CURRIE was the favourite dish for racegoers at Ascot on Saturday, writes Dave Wright.

Apprentice jockey Nicola Currie won the Bet With Ascot Challenge Cup – a seven-furlong handicap worth more than £112,000 to the winner – on 5/1 shot Raising Sand, for Berkshire trainer Jamie Osborne.

A week earlier, Raising Sand had finished eighth of 33 in the Cambridgeshire Handicap at Newmarket, but on this occasion, the stalls draw and the softer going were more in his favour.

Despite hanging left, he quickened nicely to beat Ripp Orf, ridden by another apprentice Jason Watson, by two lengths.

Raising Sand, who finished third in the race last year, was winning for the third time at Ascot and could return for the Balmoral Handicap on British Champions Day on October 20.

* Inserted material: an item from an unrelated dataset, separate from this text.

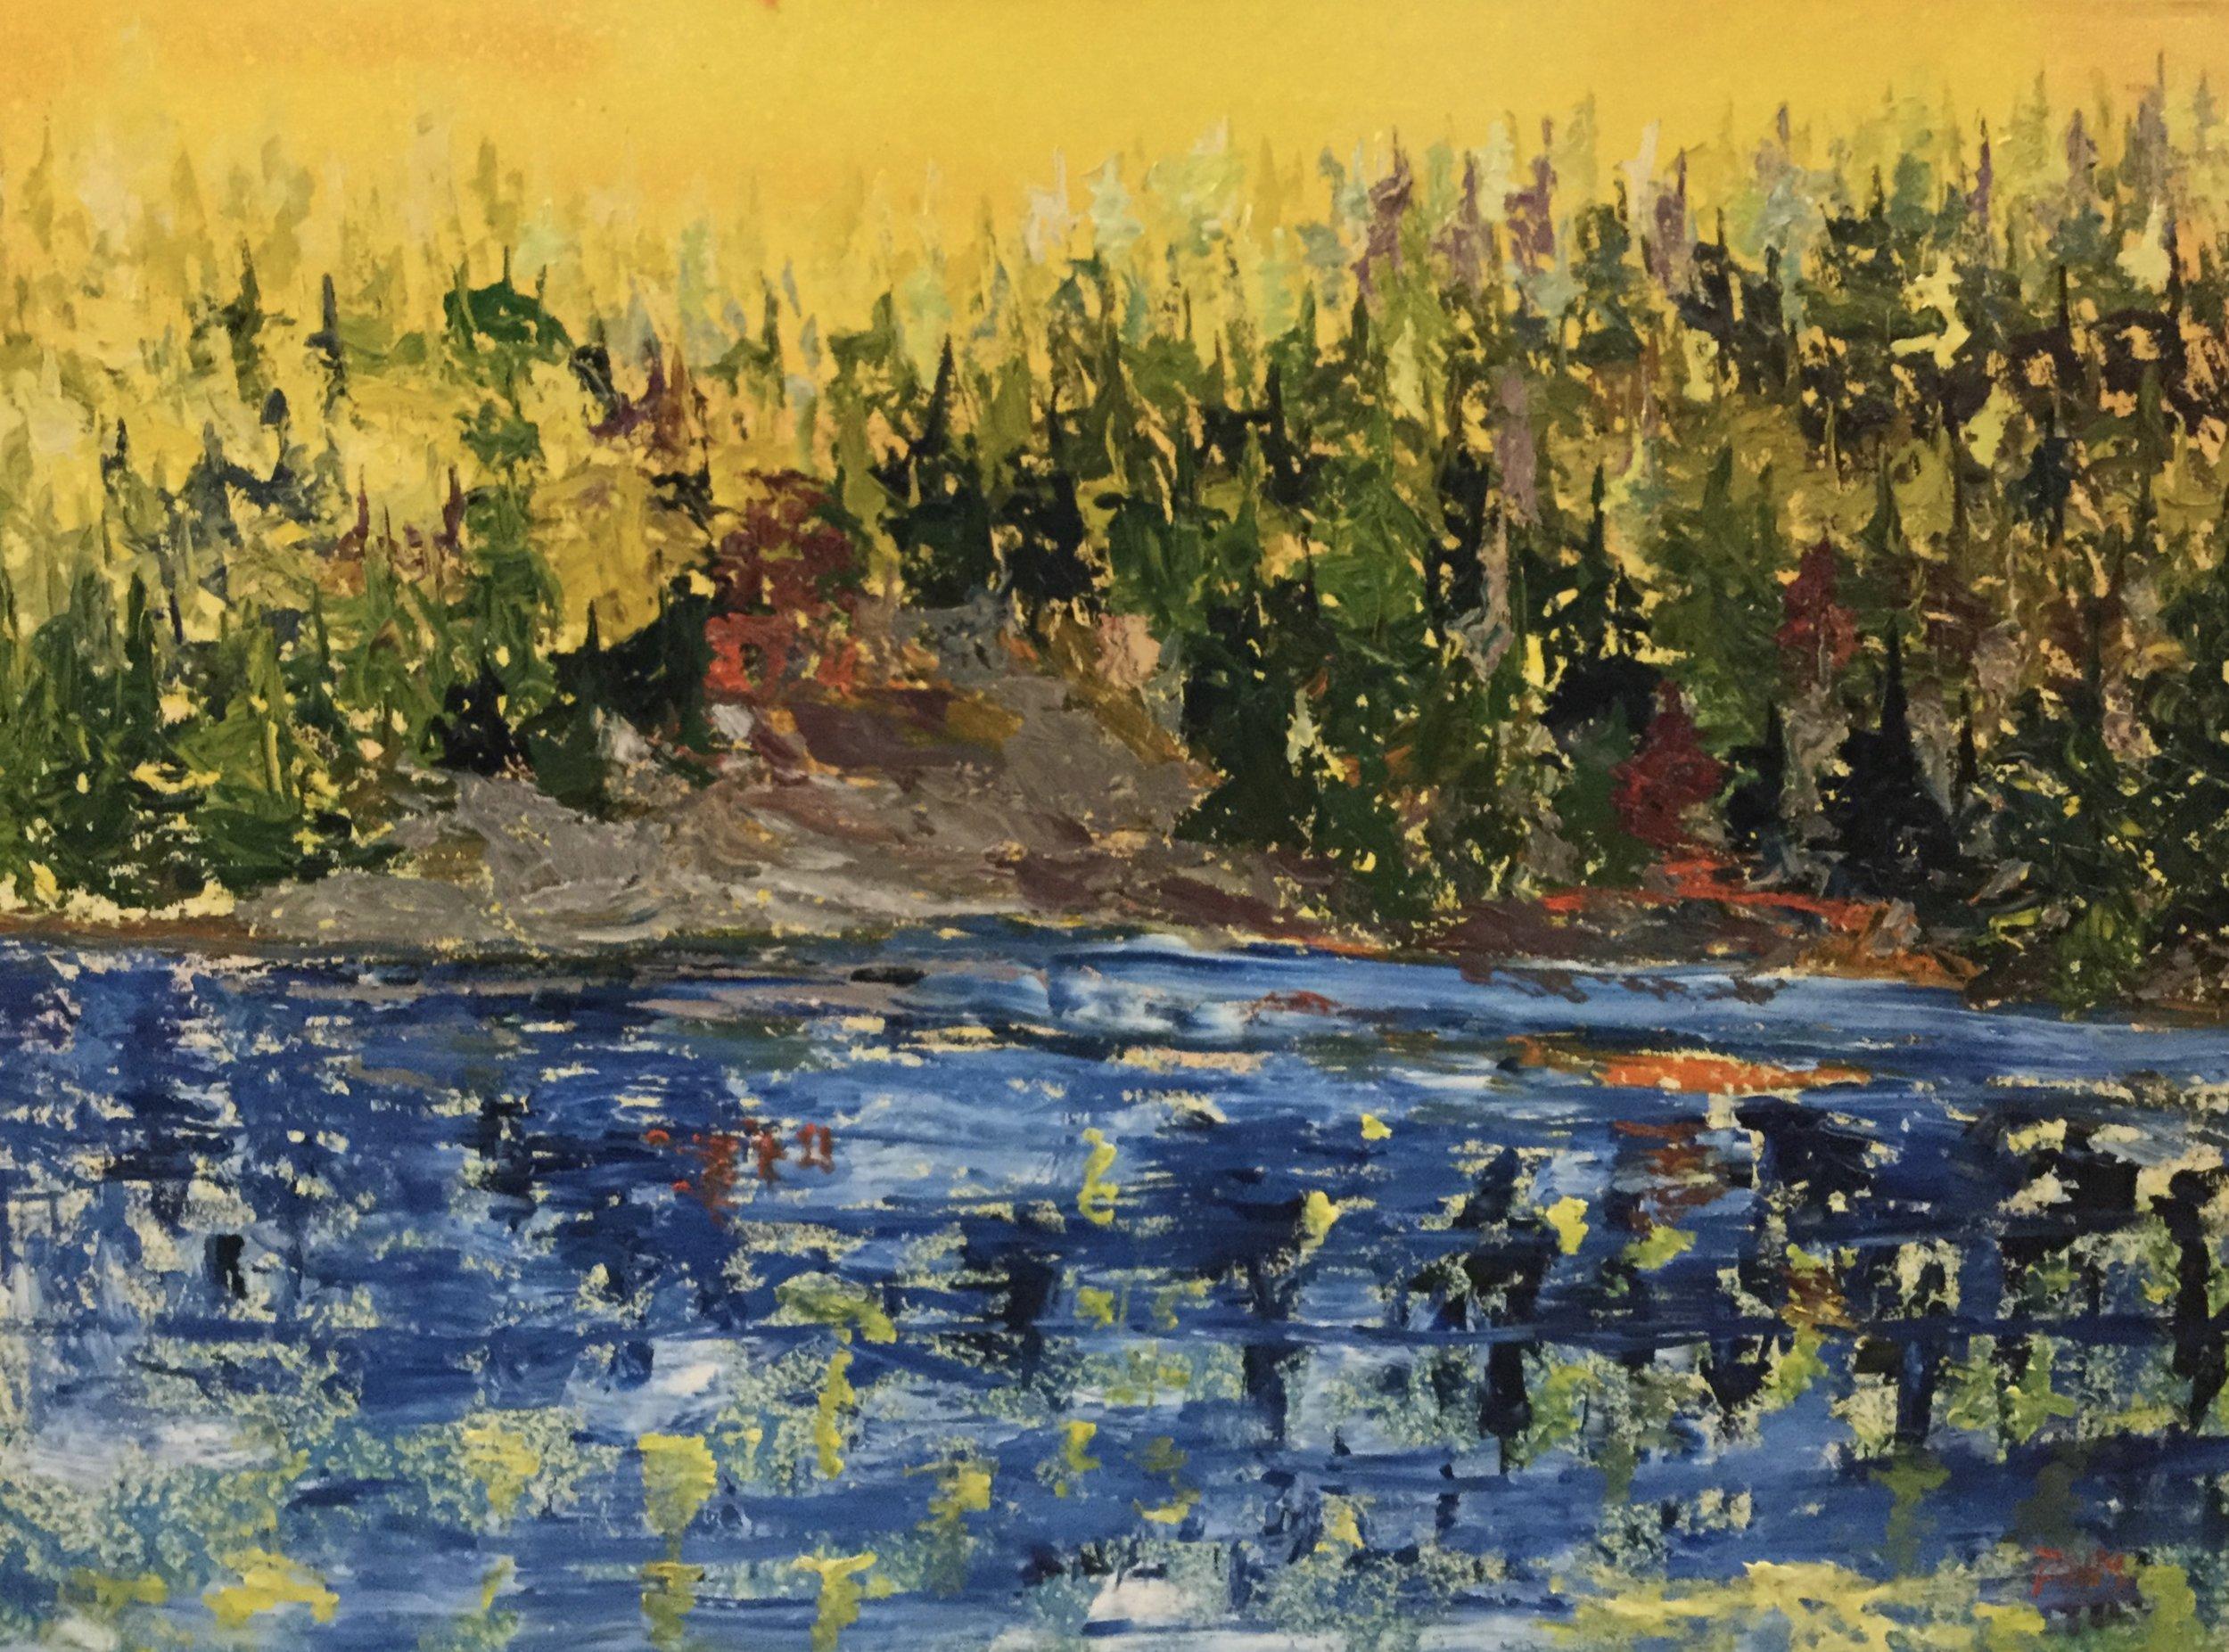 yellow Harmony, 36X48, Oil on Canvas

This was the 24-year-old Currie’s biggest victory of her career and she was back in the winner’s enclosure on the Chris Wall-trained Erissimus Maximus (10/1) following the meeting’s final race of the day, the McGee Group Handicap over five furlongs.

For Upper Lambourn handler Osborne, Raising Sand completed a highly-successful two-day visit to Ascot, as on Friday he had sent out two winners – Lush Life (ridden by William Buick) in the first and Cliffs of Capri (Mr Alex Ferguson) in the last – on a day when all six races were won by the favourite, one of them being a joint-favourite.

On Friday, Osborne and Currie also had a third on 40/1 outsider Vegas Boy.

Saturday’s rain certainly benefited Intense Romance (11/1) as she held on well to win the opening Duke Of Edinburgh’s Award Rous Stakes in the hands of Callum Rodriguez, by a neck with the 3/1 joint-favourites Mr Lupton and Spring Loaded second and third.

Owen Burrows, who also had a winner at Ascot on Friday, is a trainer bang in form these days, so it was no surprise to see his Laraaib (11/2) win the Stella Artois Cumberland Lodge Stakes by half-a-length in the hands of Jim Crowley.

Projection, owned by the Royal Ascot Racing Club, won the four-runner John Guest Racing Bengough Stakes, having finished second a year ago.

The 2/1 shot, with Kieran Shoemark in the saddle, just held off odds-on favourite Dream Of Dreams by a neck.

The five-year-old could return to Ascot on Champions Day with trainer Roger Charlton commenting: “If the horse is fine, we’ll give it another shot.”

The 15-runner Neptune Investment Management British EBF October Stakes saw Ralph Beckett’s Di Fede (13/2) storm to a comfortable win in the hands of Harry Bentley, beating Red Starlight by three and a half lengths.